I’m helping “my friend Jeff”:http://jeffjlin.typepad.com/ with some of the preparations for the release of the release of the next “Harvey Danger album”:http://harveydanger.com. The current site runs on a shared hosting account with “a reputable provider”:http://www.pair.com, but the band will need a big upgrade to help with a promotional strategy that calls for the distribution of some big (50MB+) media files. This is where I come in.
To make a long story short, thanks to Moore’s law and Ebbert’s fraud, servers and bandwidth are pretty cheap these days. Even so, it makes sense to make the most of what you have. In this regard, “lighttpd”:http://www.lighttpd.net/ looks like it might be a better bet than Apache for dealing with serving up big files that take a while to download.
Hosting packages in the $150/month range come with allowances for as much as 2TB data transfer, and the machines typically speced are, by my estimates, capable of dishing out that much data and more.
2TB would allow over 30K dowloads/month, averaging almost 4Mbps and about 1 download/minute. Of course, nothing is average, and my initial assumption was that peak traffic would be 10x the average, or as much as 40Mbps and 10 downloads/minute. Further consideration made me doubt that assumption.
Normal traffic patterns on harveydanger.com have a ~10x difference between average and peak hours, but with promotion, those numbers could change quickly. A link or two on a well read site might bring thousands of eager downloaders in the space of an hour.
Rather than trying to build (and pay) for such big spikes in demand, we decided that slow downloads were acceptable when the flood of requests overtaxed the server’s 100Mbps network connect. Lots of failed downloads, on the other hand would be completely unacceptable. Preople might leave empty handed and never come back. Even worse, they might keep retrying, causing the situation to snowball further.
So, today I set out to see what we could expect from big spikes in traffic by setting up a series of tests.

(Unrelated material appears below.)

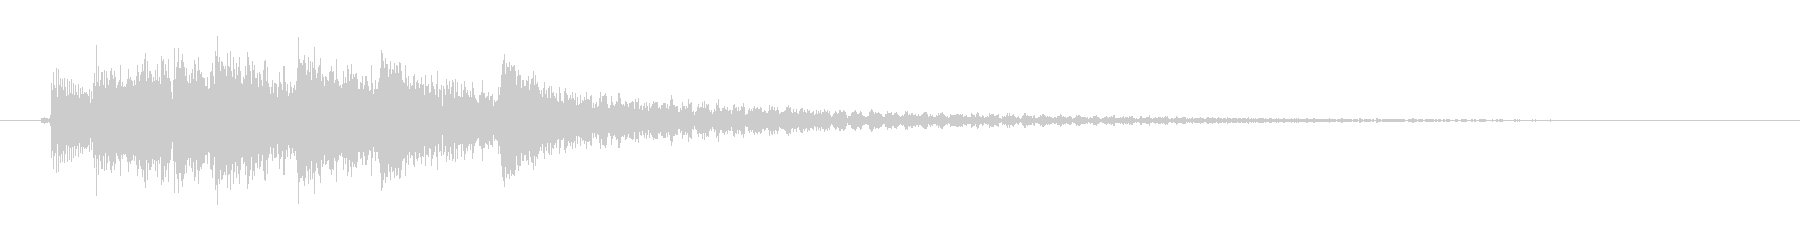 【和風】明るめな雰囲気の琴の効果音の未再生の波形

I figured that as few as 50 simutaneous downloaders on a mix of DSL and Cable modem connections would be enough to saturate the network connection on a server. Once that happend, the number of pending downloads would start stacking up, which would really start putting a strain on server resources. The question was, how big of a strain.
For the web server, I used my home file server, a modest box with a ~500MHz processor and 512MB of memory hooked to a 100Mbps switch. The servers we’d be contracting for would come with 2x as much memory and a ~4x faster CPU, but I figured it would be a good way to get a baseline for things like memory consumption and CPU load.
To simulate the client connections, I relied on my desktop machine, an Athlon 64 with 1GB of memory hooked to the same switch.
First off, I installed “Apache2”:http://httpd.apache.org/docs/2.0/ using the “mpm_worker”:http://httpd.apache.org/docs/2.0/mod/worker.html module, which spawns a limited number of long-lived processes and handles connections by allocating threads from the processes in the pool. It should be the most memory-efficient way to deploy apache.
Getting the server going was easy, since there was a pre-assembled package for “Ubuntu”:http://www.ubuntulinux.org/. Getting the load testing client nailed down wasn’t as straightforward. I started out using “Jmeter”:http://jakarta.apache.org/jmeter/, but quickly ran into problems.
Jmeter has worked well for me in the past, but the 50MB+ file I was downloading was too much for it. Even with only one or two concurrent users, it would run out of memory and crash after just a few minutes of operation. I bumped up the available memory for the JVM running JMeter, but even with 1GB allocated, it wasn’t enough to keep up even a modest load, nevermind 50+ simutaneous requests.
Next up, I tried compiling “Apache Flood”:http://httpd.apache.org/test/flood/, but it wouldn’t build properly, and I gave up. Next up was “Seige”:http://www.joedog.org/siege/, which compiled on Ubuntu running in a VirtualPC without too much hassle. It worked well enough to start running some tests, but then things went south. I shut the VirtualPC down in order to give it more memory, but it wouldn’t boot back up again.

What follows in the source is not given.